__What this task involves__
Scan the material that follows for lines with "Valley". Answer with how many there are, nothing else.

__Given records__
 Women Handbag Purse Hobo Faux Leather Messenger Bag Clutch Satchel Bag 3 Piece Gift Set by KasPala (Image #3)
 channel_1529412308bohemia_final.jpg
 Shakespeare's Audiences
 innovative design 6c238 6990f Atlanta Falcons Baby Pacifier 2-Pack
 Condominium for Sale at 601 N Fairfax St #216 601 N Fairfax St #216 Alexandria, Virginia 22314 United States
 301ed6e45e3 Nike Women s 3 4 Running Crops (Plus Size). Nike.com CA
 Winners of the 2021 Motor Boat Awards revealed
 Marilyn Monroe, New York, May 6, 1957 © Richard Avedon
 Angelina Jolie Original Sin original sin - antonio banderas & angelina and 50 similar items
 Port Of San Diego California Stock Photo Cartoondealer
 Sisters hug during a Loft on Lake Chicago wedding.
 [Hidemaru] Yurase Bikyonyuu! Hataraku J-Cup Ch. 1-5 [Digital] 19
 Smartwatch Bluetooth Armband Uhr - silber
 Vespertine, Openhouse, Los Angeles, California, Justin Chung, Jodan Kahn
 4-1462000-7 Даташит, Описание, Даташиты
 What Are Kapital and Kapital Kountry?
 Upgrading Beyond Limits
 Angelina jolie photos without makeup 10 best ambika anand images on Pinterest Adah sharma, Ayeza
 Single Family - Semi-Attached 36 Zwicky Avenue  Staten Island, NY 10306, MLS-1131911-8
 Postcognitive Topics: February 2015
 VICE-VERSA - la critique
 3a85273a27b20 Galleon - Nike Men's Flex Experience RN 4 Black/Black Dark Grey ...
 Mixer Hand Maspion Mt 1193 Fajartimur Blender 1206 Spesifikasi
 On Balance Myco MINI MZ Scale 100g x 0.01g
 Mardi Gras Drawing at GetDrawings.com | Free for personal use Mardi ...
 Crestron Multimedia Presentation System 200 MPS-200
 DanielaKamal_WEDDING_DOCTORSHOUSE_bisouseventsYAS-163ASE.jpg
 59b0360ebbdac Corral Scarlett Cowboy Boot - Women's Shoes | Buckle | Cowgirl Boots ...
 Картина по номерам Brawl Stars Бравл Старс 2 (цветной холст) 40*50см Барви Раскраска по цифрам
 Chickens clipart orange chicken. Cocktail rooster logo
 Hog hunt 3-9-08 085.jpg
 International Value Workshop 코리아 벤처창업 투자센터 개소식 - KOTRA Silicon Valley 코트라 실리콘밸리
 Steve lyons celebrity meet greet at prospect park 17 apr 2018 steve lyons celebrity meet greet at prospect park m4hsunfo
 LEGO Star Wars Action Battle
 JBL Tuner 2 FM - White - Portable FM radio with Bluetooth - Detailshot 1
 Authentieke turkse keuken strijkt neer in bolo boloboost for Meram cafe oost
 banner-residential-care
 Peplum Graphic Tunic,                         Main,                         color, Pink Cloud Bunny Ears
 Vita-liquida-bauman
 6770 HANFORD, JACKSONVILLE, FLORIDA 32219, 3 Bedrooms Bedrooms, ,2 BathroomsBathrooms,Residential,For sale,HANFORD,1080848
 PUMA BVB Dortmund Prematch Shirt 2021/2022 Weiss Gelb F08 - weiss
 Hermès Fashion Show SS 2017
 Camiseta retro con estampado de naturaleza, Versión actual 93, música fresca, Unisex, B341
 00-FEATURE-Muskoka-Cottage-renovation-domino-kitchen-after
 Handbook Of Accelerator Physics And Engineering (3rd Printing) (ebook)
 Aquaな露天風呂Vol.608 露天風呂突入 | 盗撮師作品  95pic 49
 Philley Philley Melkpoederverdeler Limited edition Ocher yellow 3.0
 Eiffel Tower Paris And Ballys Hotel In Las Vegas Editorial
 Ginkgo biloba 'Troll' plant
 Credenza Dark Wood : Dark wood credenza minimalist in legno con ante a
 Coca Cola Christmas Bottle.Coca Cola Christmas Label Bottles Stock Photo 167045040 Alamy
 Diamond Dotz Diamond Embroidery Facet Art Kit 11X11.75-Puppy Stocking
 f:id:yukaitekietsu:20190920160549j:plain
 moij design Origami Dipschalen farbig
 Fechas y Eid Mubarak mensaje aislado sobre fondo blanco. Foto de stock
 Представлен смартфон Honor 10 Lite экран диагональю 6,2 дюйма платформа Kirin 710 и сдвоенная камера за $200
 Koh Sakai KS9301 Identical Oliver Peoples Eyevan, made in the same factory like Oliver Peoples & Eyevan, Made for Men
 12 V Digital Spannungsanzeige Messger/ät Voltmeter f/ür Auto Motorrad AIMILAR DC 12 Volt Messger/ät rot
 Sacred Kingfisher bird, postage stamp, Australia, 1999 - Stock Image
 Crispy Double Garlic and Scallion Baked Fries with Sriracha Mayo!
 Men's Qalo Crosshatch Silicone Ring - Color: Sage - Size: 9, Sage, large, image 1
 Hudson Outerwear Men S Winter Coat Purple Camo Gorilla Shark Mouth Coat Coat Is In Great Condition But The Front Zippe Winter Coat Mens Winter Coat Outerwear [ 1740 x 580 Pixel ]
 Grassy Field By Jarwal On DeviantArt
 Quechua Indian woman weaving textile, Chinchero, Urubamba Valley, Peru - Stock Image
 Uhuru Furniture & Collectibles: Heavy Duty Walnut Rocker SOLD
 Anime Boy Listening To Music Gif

__Task output__
2